You know what I’m really looking forward to? Izuku giving his first few autographs.

I reckon the very first person to ask for Izuku’s autograph will be Kouta. The little boy was the first to call Izuku “his hero” and he even wrote him something akin to fan mail (with an apology woven in).

So one day, when they meet again, Kouta offers Izuku a piece of paper and a pen and, bluntly as he is, all but demands, “I want your autograph!”

Izuku almost drops the offered items, eyes going wide. “Huh?! Me?!”

“Yeah!” Kouta shoves the items back into Izuku’s softened grip, grinning up at the young hero. “Heroes give autographs, right? And you’re the only hero I accept!”

Izuku is still in a daze, feeling completely out of it as he hesitates over the piece of paper, pen quivering slightly. It’s not like he has never thought about this possibility – as a child, he even practiced different signs for the day he would need it. But… that had been a childish dream. This here was real. It felt good, and weird, and surreal all at the same time.

He settles for a flourish sign, reading “Deku”. It’s not that good, it looks inexperienced and awkward, but Kouta seems happy enough about it, proudly showing off the autograph to anyone in sight. (“Just look, not touch, though!”)

Lost in thought, Izuku decides to ask the one person who will probably understand how he’s feeling right now, and he goes to look for his mentor.

“You don’t know how to feel about it,” Toshinori tilts his head at him as Izuku has finished his recounting, understanding palpable in the soft smile he gives the boy.

Izuku grimaces while he rubs the back of his head. “It’s just that… I always wanted to be a hero, yes, but before I met you… even after that… I always doubted that I could… become one? So when Kouta asked me for an autograph… I felt as if I had finally done it. And yet I wondered… if this is real?”

A thoughtful hum leaves Toshinori at that, and he leans back, taking in how Izuku fidgets and seems to wait for his answer.

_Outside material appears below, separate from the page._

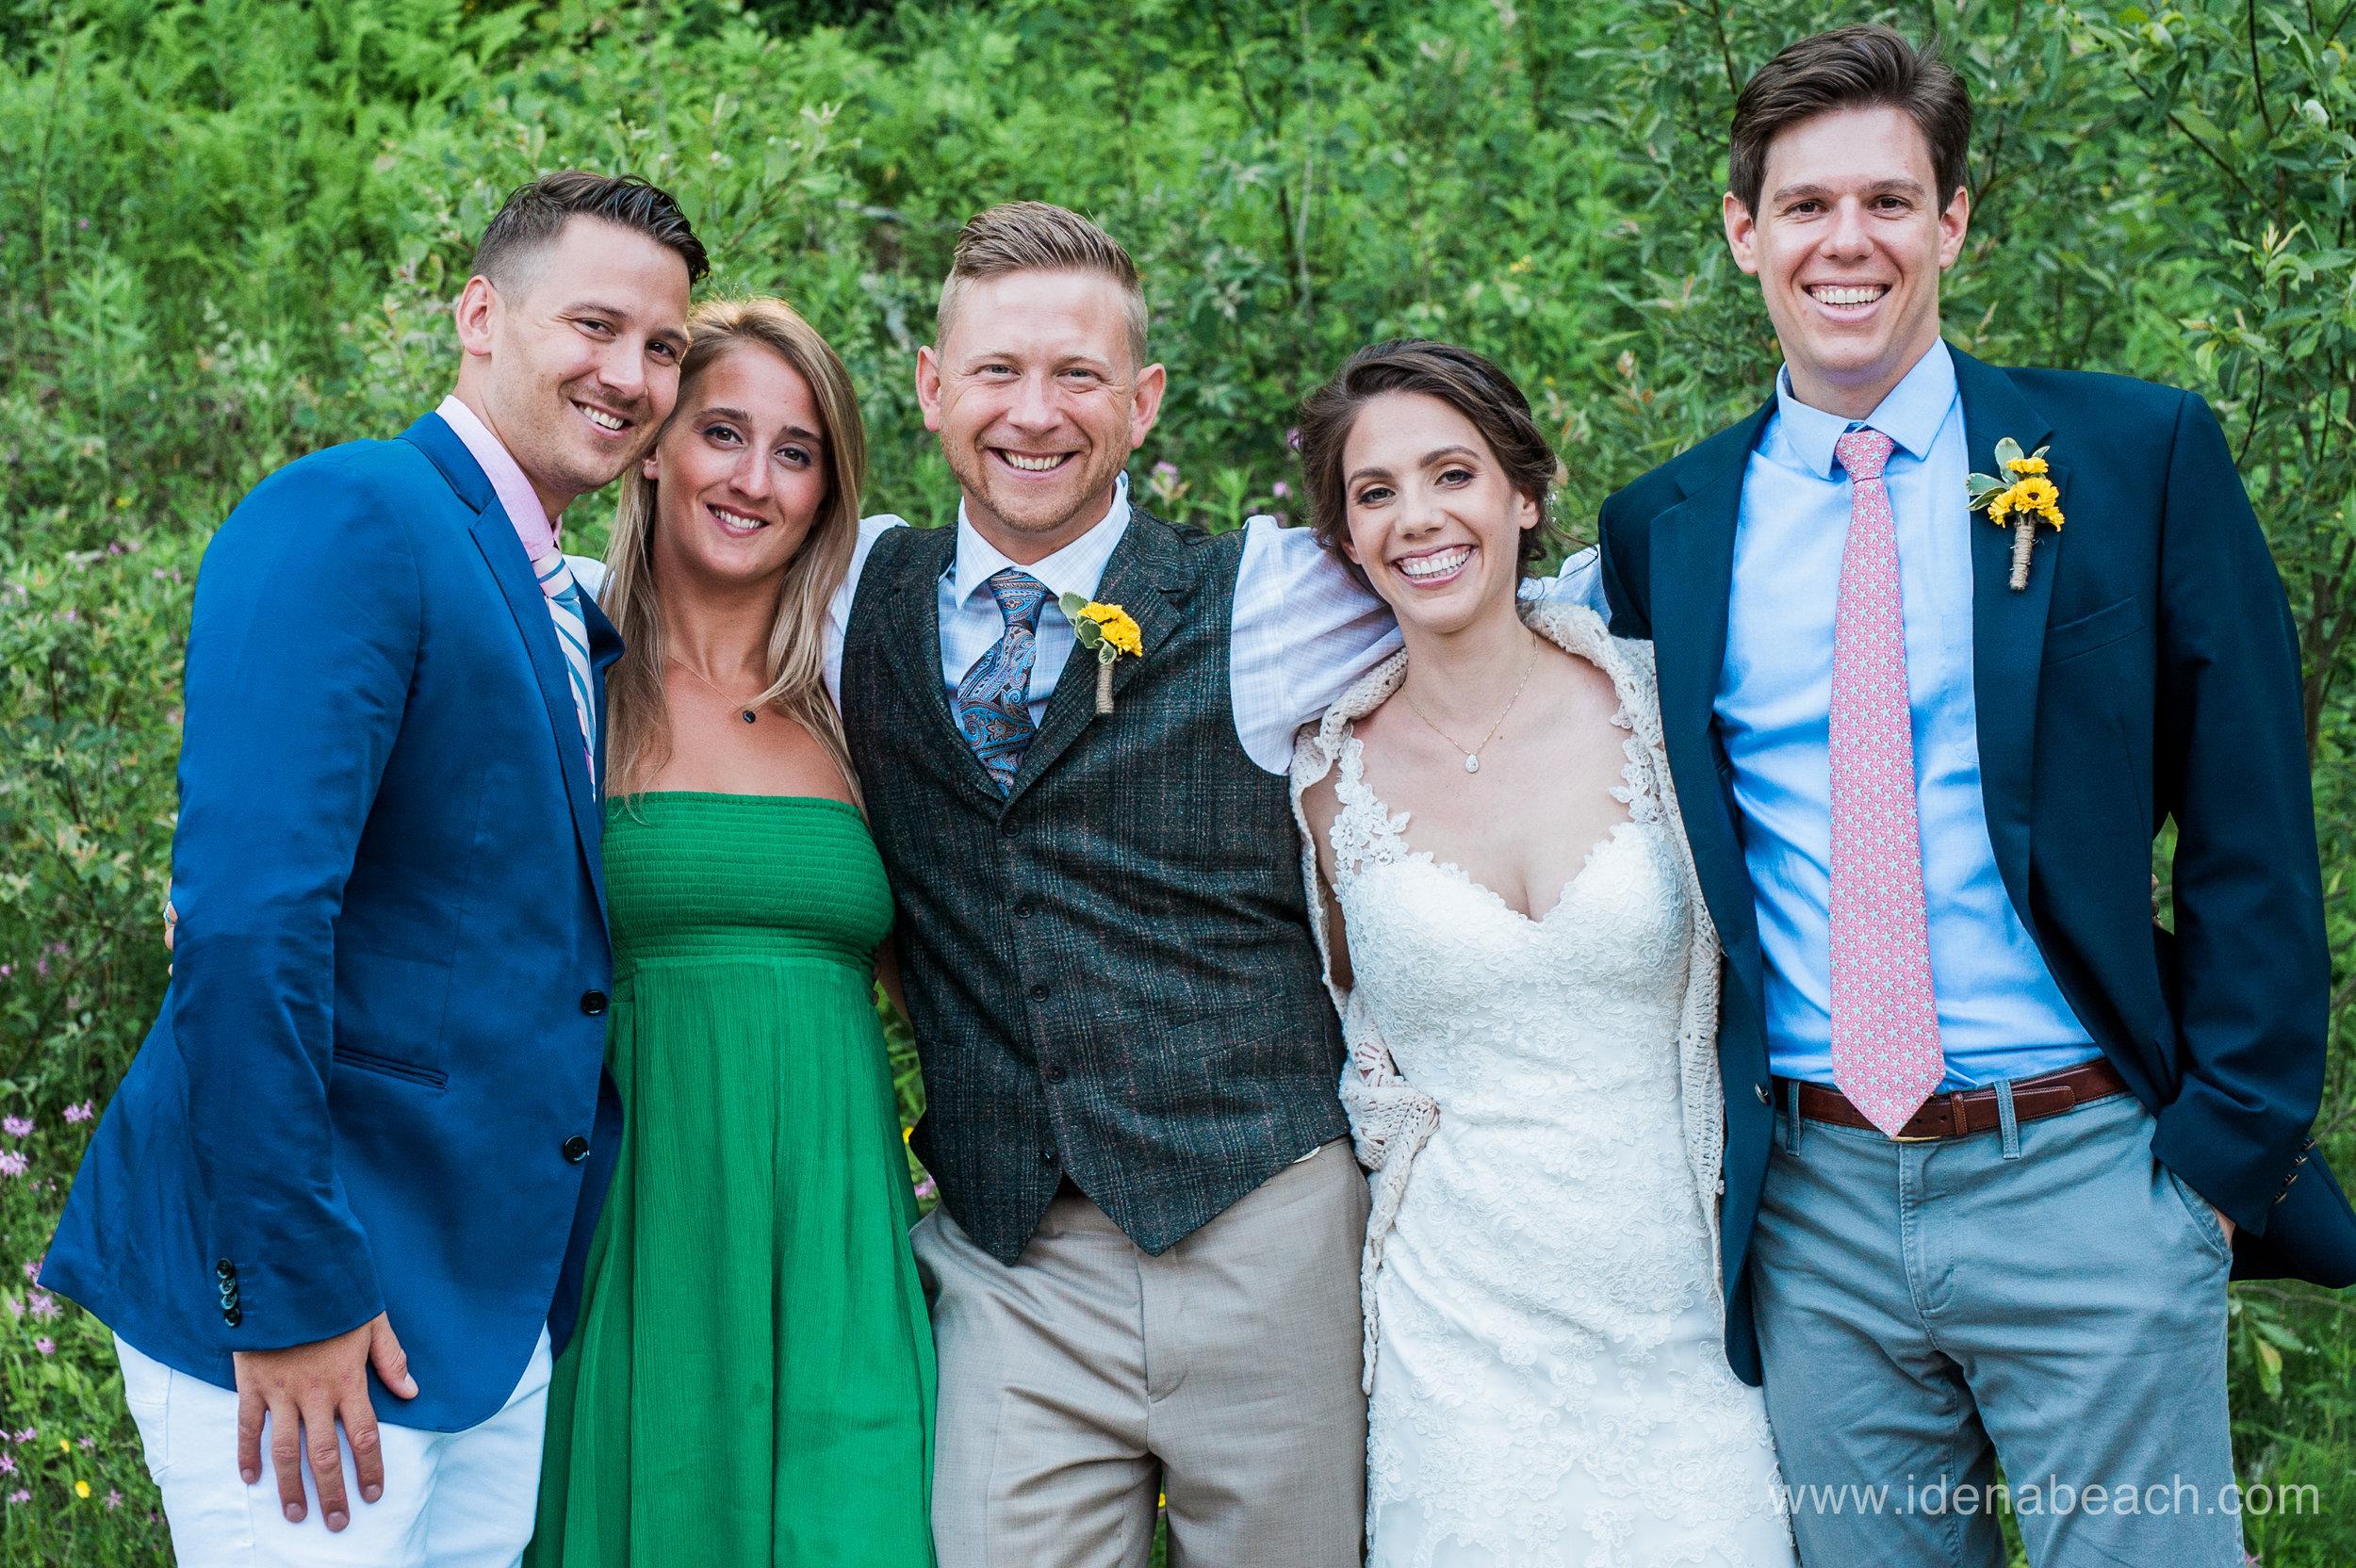 IdenaBeach-Vermont-Wedding-Photographer-Mountain-Top-Inn-97.jpg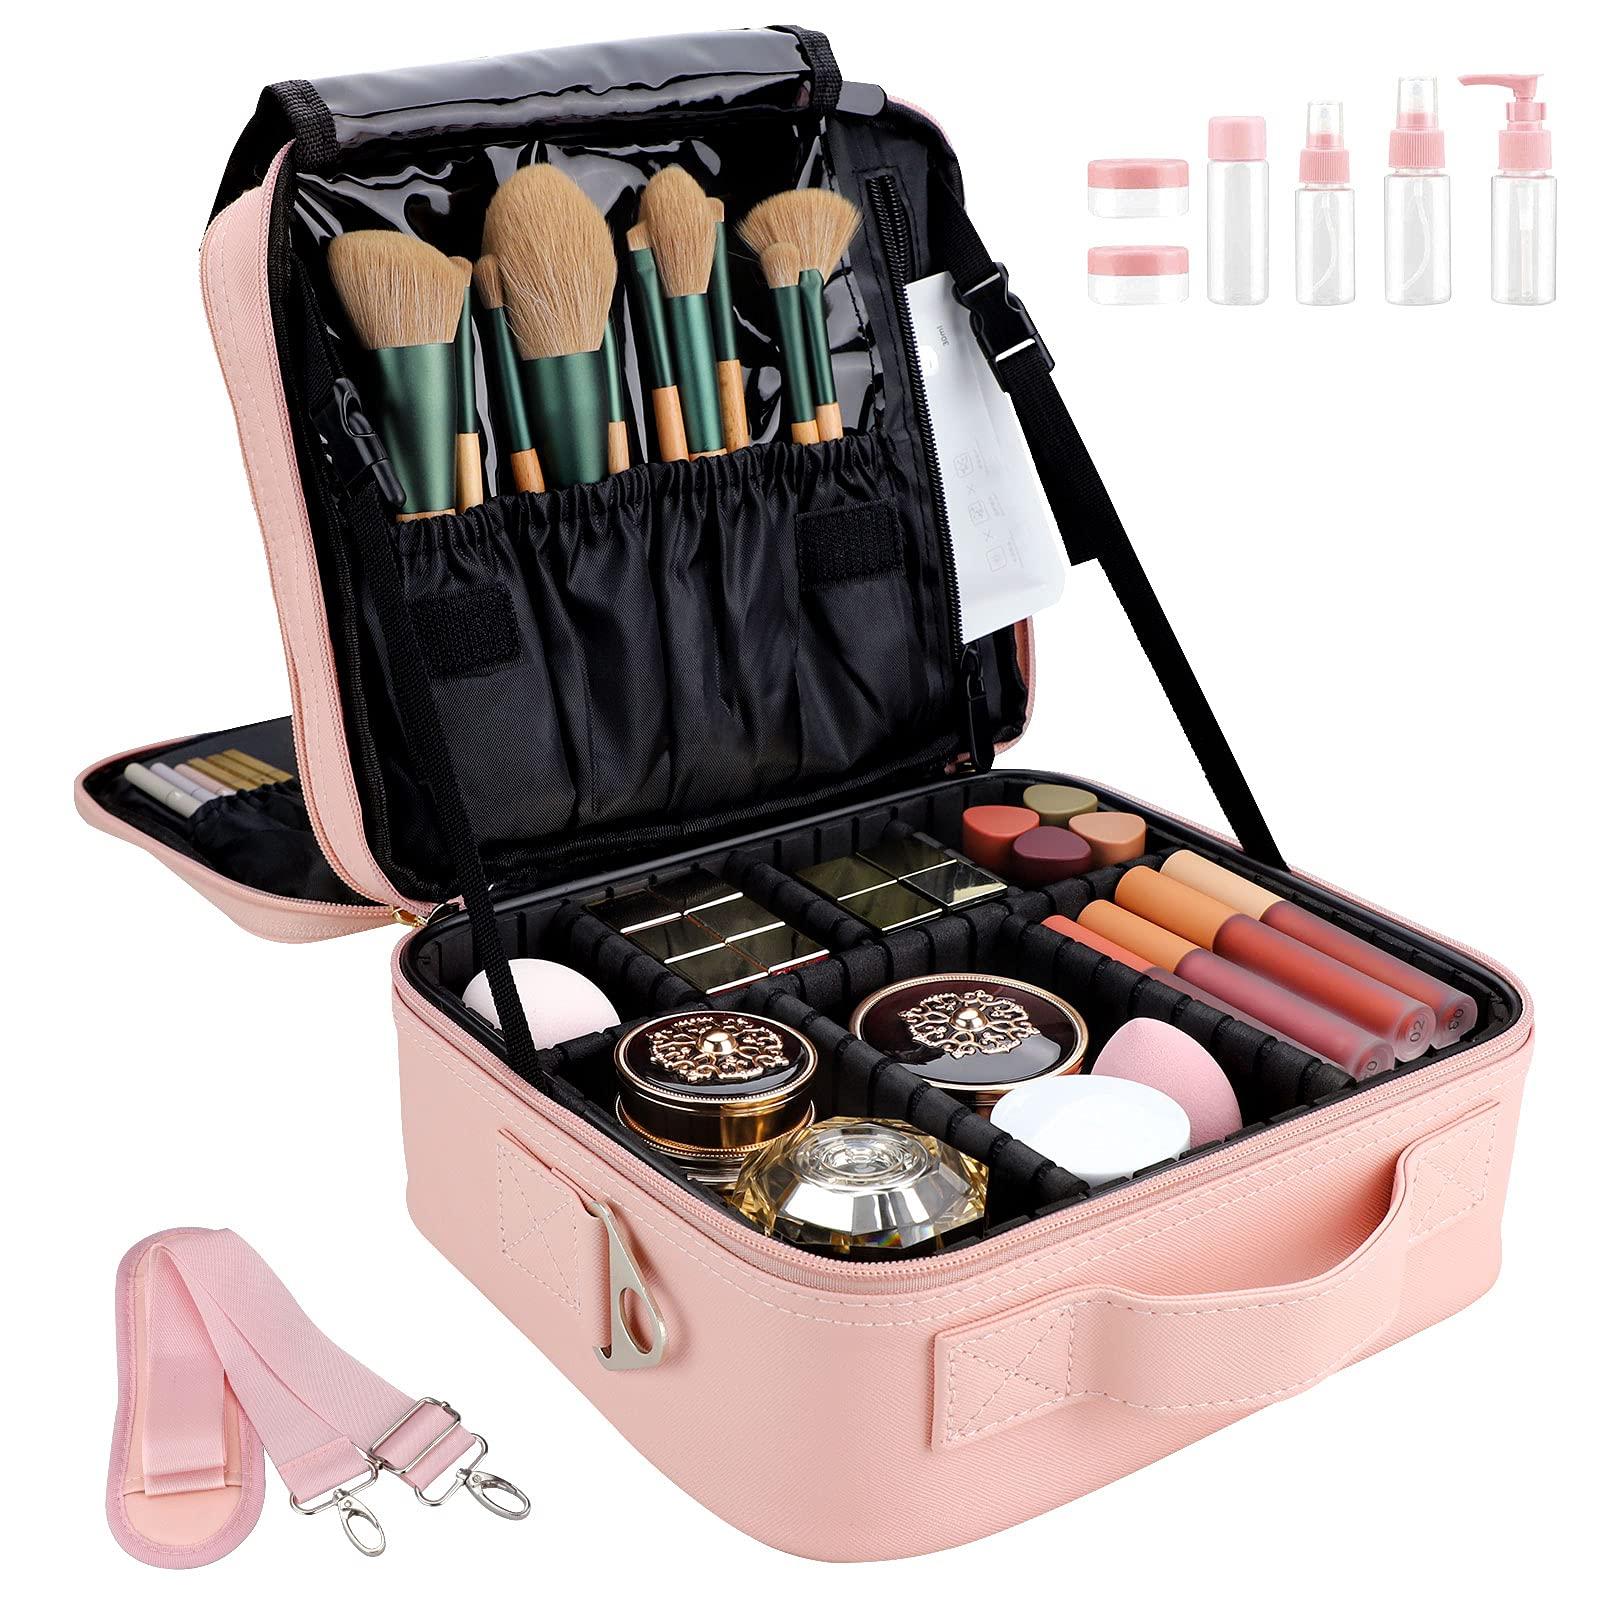 OEWOER Travel Makeup Bag 10.2 Makeup Organizer Case Portable Makeup Train Case

Deciding that he found the best way to go about it, Toshinori digs through the papers strewn out over his desk until he finds a blank sheet of paper and a pen. Offering both to Izuku, he encourages the boy, “You know, that makes me realize – I don’t have your autograph yet.”

Izuku’s mouth falls open at that, gaping at his teacher, his idol, much like a fish would. It takes him a moment to realize that Toshinori is serious about this, and another moment that the man is still holding paper and pen out to him.

This time, when Izuku scribbles a wobbly autograph onto the paper, there are overwhelmed tears running down his cheek and dripping onto the paper next to the ink. Toshinori chuckles at him and ruffle his hair – and this time, Izuku can accept this amazing moment as reality.

(He almost regrets writing the autograph, though, since Toshinori insists to pin the autograph next to his workplace to a wall so that he always has it in his sights. That’s so embarrassing.)